John Alonzo Barney (June 14, 1840May 19, 1911) was an American educator, politician, and judge.  He served in the Wisconsin State Senate and Assembly, representing Dodge County, and was county judge for twelve years.  He also served in the Union Army during the American Civil War.

Early life
John A. Barney was born in Lenox, New York, in June 1840.  He moved west with his parents in 1847, settling at Mayville, Wisconsin, and was educated there.  After completing his primary school education, he studied law for two years, but interrupted his studies to volunteer for service in the American Civil War.

Civil War service
Barney enlisted at the call for three-year volunteers near the start of the Civil War and was enrolled in Company B of the 10th Wisconsin Infantry Regiment.  The regiment mustered into federal service in October 1861 and served in the western theater of the war.  Barney was promoted to corporal, sergeant, and ultimately first sergeant.  He was badly wounded at the Battle of Chickamauga, he was taken prisoner and his arm was amputated.  He was quickly paroled and was discharged due to disability in November 1863.  After the war, he received an honorary Brevet from Governor Lucius Fairchild to the rank of captain in recognition for his performance at the battles of Perryville and Chickamauga.
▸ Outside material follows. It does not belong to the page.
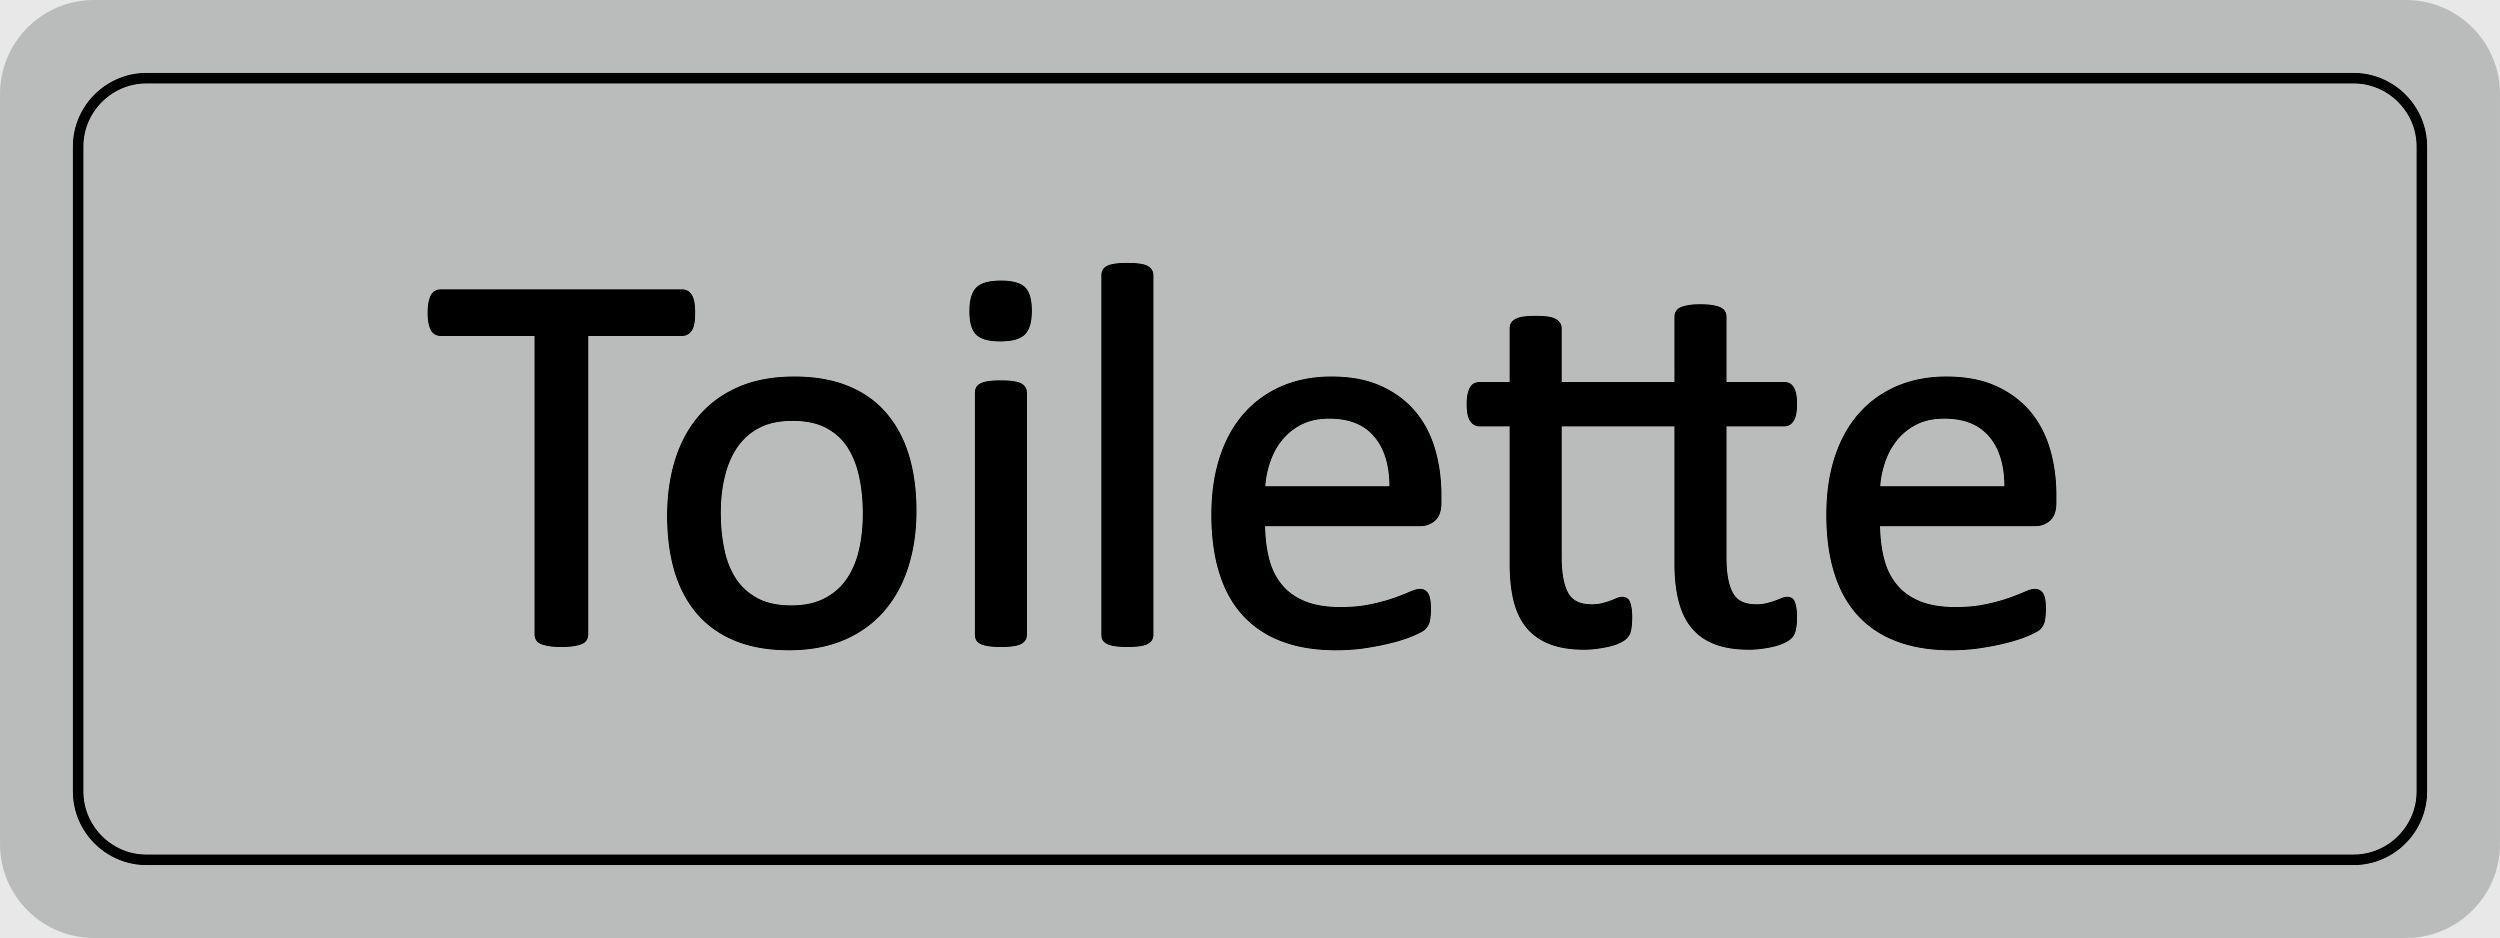 Türschild Toilette selbstklebend 45 x 120 mm – Bild 1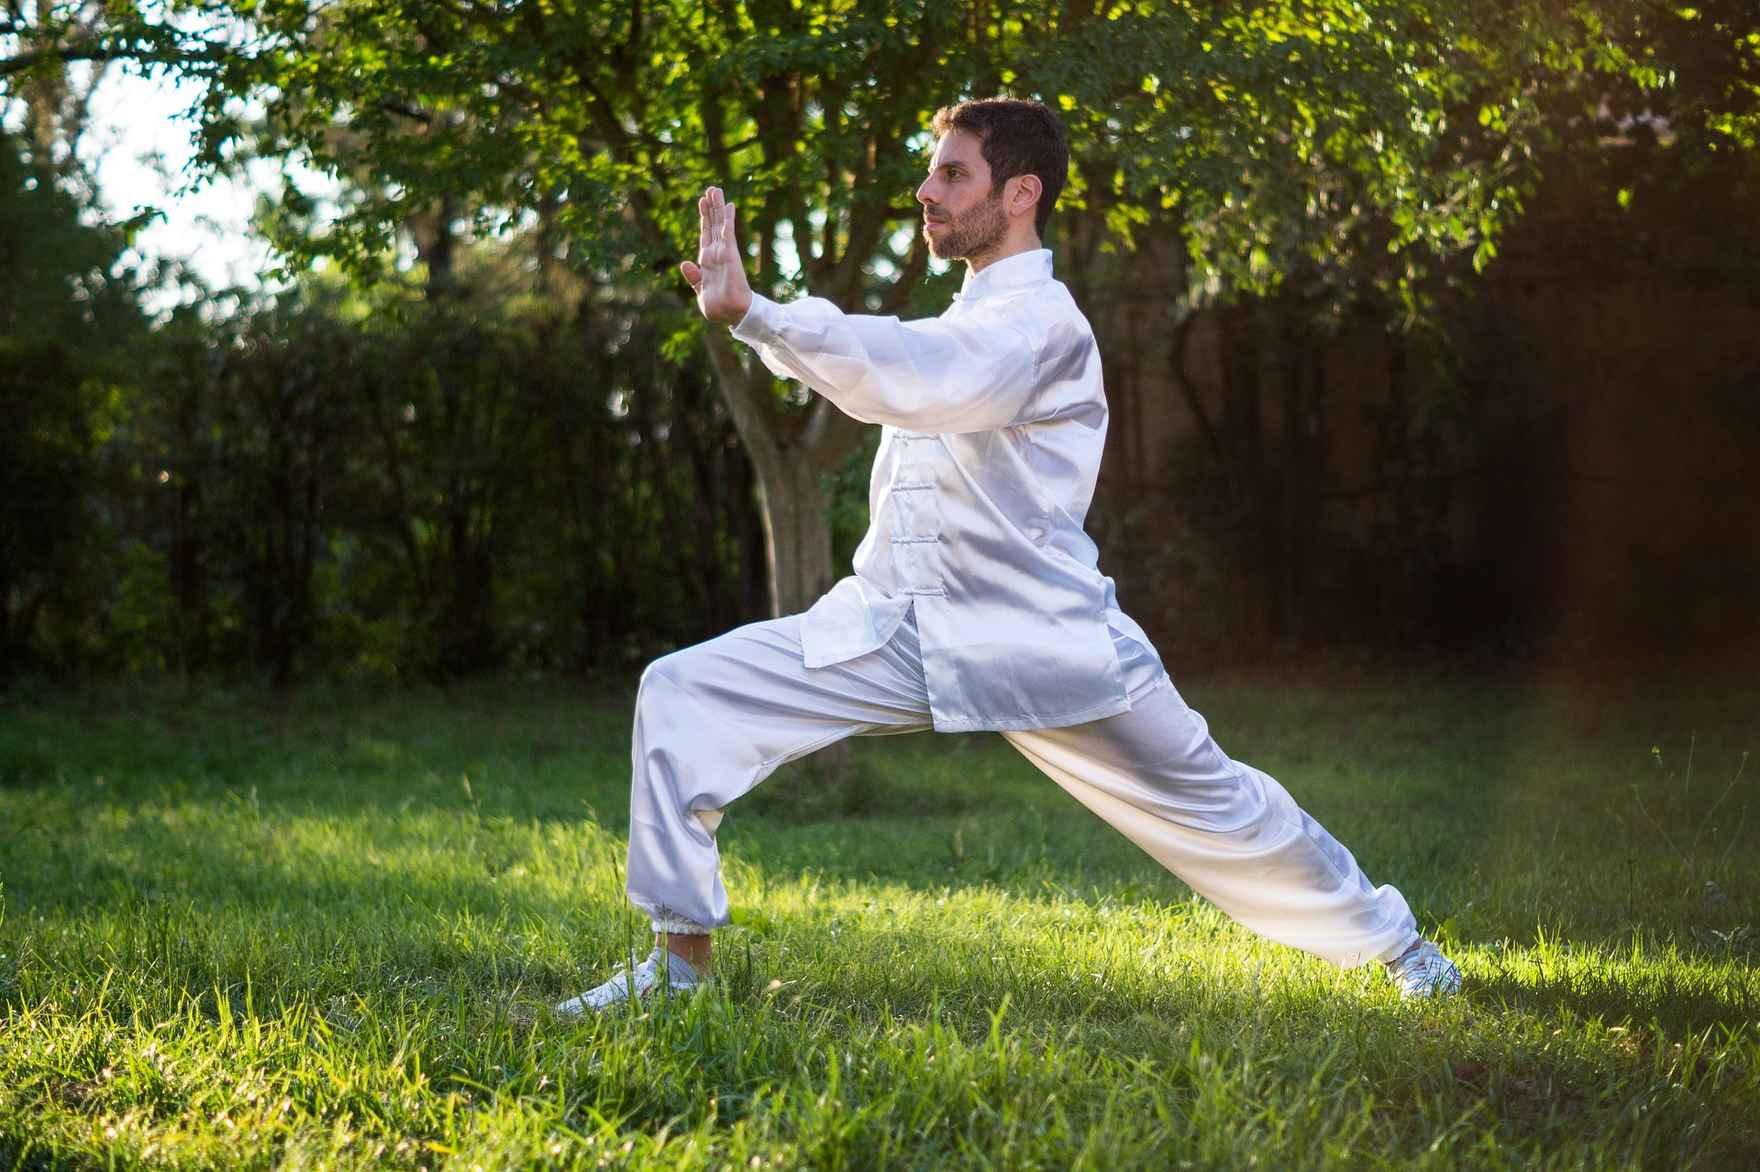 qi gong tai qi chi nature man energy health

Political and judicial career
Back in Mayville, he was appointed postmaster by President Andrew Johnson, but resigned after Grant's election.  He went on to work as school superintendent for the eastern district of Dodge County from 1870 through 1874.  In the Fall of 1874, he was elected on the Democratic Party ticket to the Wisconsin State Senate for Wisconsin's 13th State Senate district—then-comprising all of Dodge County.  He served in the 1875 and 1876 legislative sessions and was not a candidate for re-election in 1876.

During the 46th United States Congress, Barney was hired as clerk of the U.S. House Committee on War Claims.  The chairman of the committee was Wisconsin's Edward S. Bragg.

Back in Wisconsin, he worked as principal of the Mayville schools for 15 years and served in several local offices. He served as a justice of the peace and was a member and president of the Mayville village board.  He was elected to the Wisconsin State Assembly in 1888, representing eastern Dodge County.  He was elected county judge of Dodge County in the 1897 spring election, defeating incumbent judge C. A. Christiansen.  He was re-elected in 1901 and 1905 but did not run for a fourth term in 1909.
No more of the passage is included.